GNOME Bugzilla – Bug 547236
printf don't accept nonlatin string in format string
Last modified: 2008-09-25 13:30:19 UTC
printf don't accept nonlatin string as pattern: > > for example: > stdout.printf("Успешно %s", "прошел"); or "Успешно %s".printf("прошел"); but successfully accept predefined string! for example: string pattern = "Успешно %s"; pattern.printf("прошел"); test case attached; valac -o string_bug string_bug.vala string_bug.vala:11.5-11.41: error: Too many arguments for specified format stdout.printf("Успешно %s", "прошел"); ^^^^^^^^^^^^^^^^^^^^^^^^^^^^^^^^^^^^^ Compilation failed: 1 error(s), 0 warning(s) But with workaround: valac -o string_bug string_bug.vala ./string_bug Успешно прошел
Created attachment 116315 [details] test case Source to reproduce bug and workaround
I think the problem is that C-strings are supposed to be 7-bits clean. UTF-8 is 8-bits.
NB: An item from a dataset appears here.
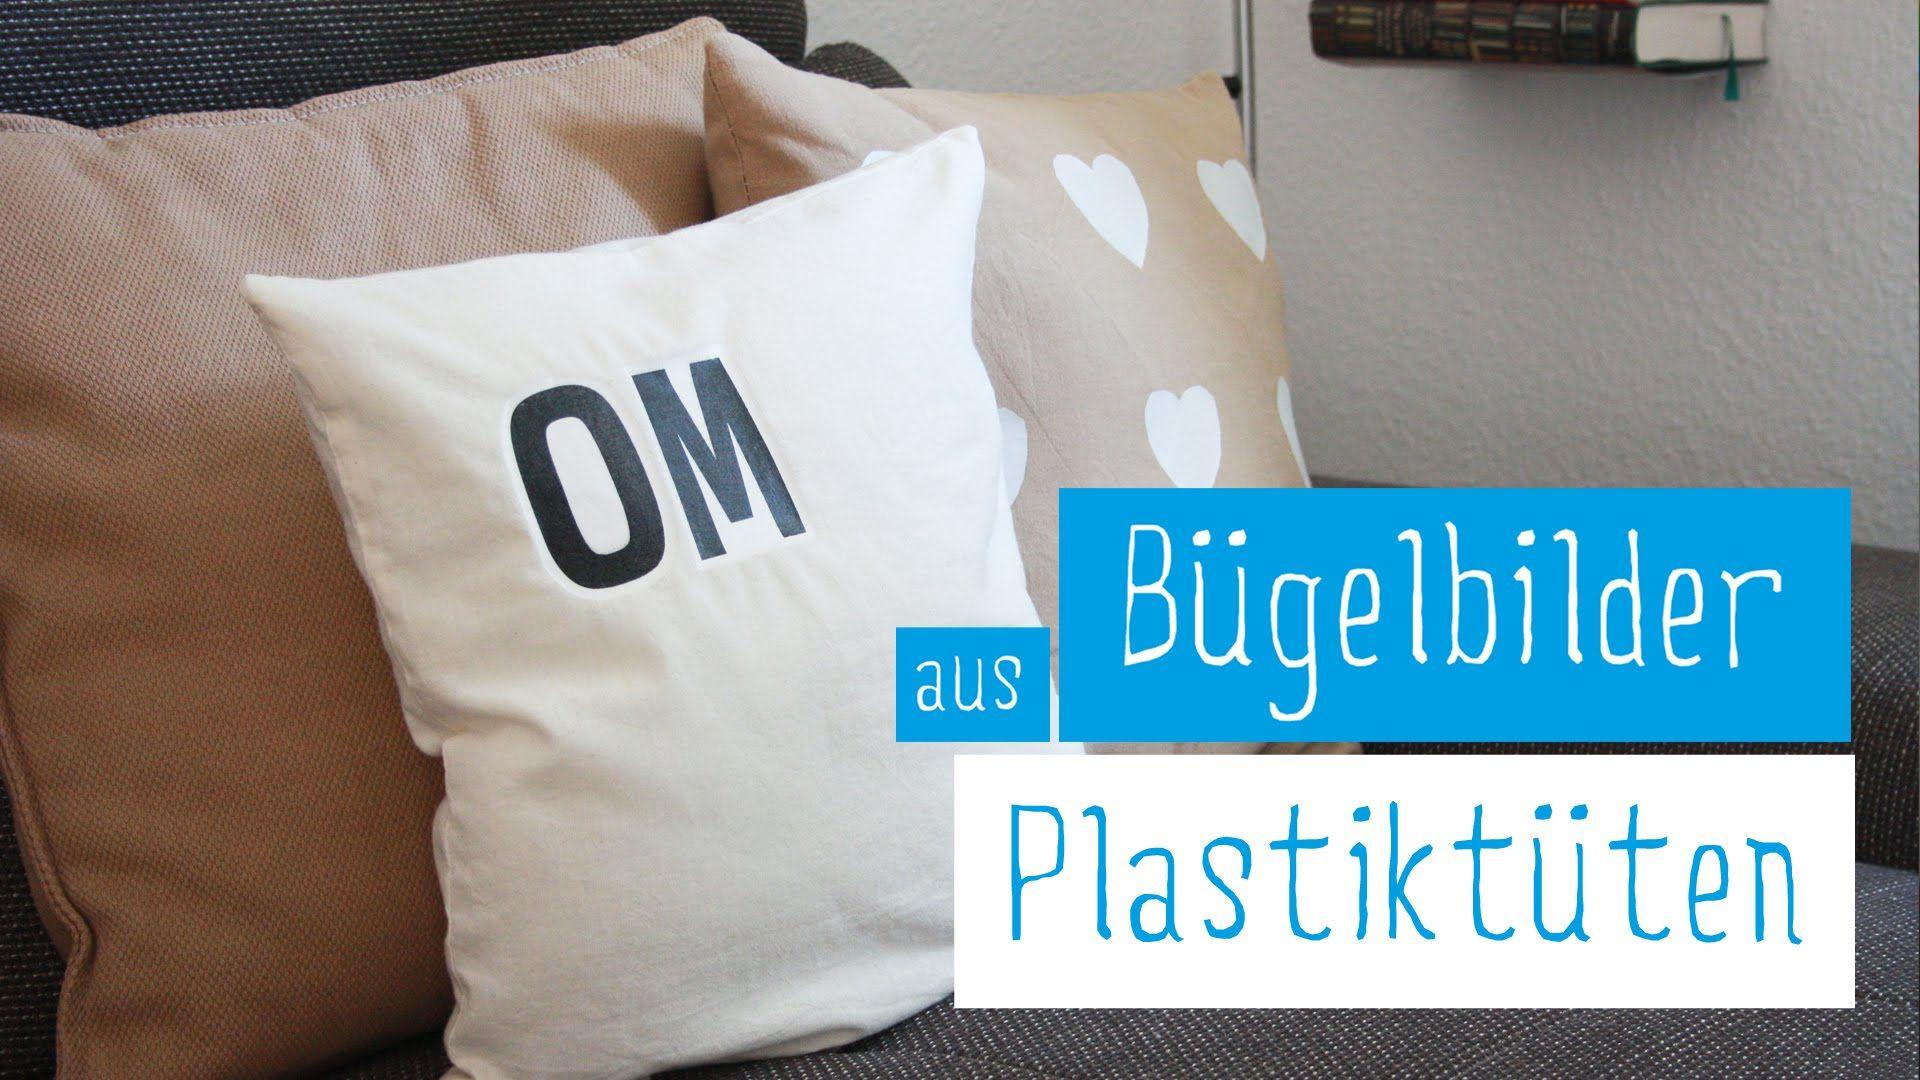 upcycling diy kissen selbst bedrucken plastikt ten aufb geln transferte wichtigbastelei. Black Bedroom Furniture Sets. Home Design Ideas

It's a valac, not a gcc, error message and Vala source files are UTF-8 encoded, so it is a bug in valac.
>I think the problem is that C-strings are supposed to be 7-bits clean. UTF-8 is 8-bits. No, I'm think, this is another problem: 1) Bug raise only for pattern string. Parameters aloowed non-latin strings without any problem. 2) One non-latin simbol in pattern is allowed. I think, problem in diffrent length string for latin and non-latin simbols. Russian string have 2x length. see test case 2.
Created attachment 116329 [details] test case 2 variant with allowed nonlatin string.
Hello, The valastringliteral.vala file, method eval, line 58 contains this sentence: /* remove quotes */ var noquotes = value.offset (1).ndup ((uint) (value.len () - 2)); When value = "\"foo\"", noquotes = "foo" but if value = "\"Успешно %s\"", noquotes = "Успеш" I did some tests: the len result is ok the offset result is ok the ndup result is wrong Maybe, ndup not support unicode format used (maybe offset too) This bug affects some parts in the code generation process, not only the printf validation process
Created attachment 116629 [details] test string.ndup()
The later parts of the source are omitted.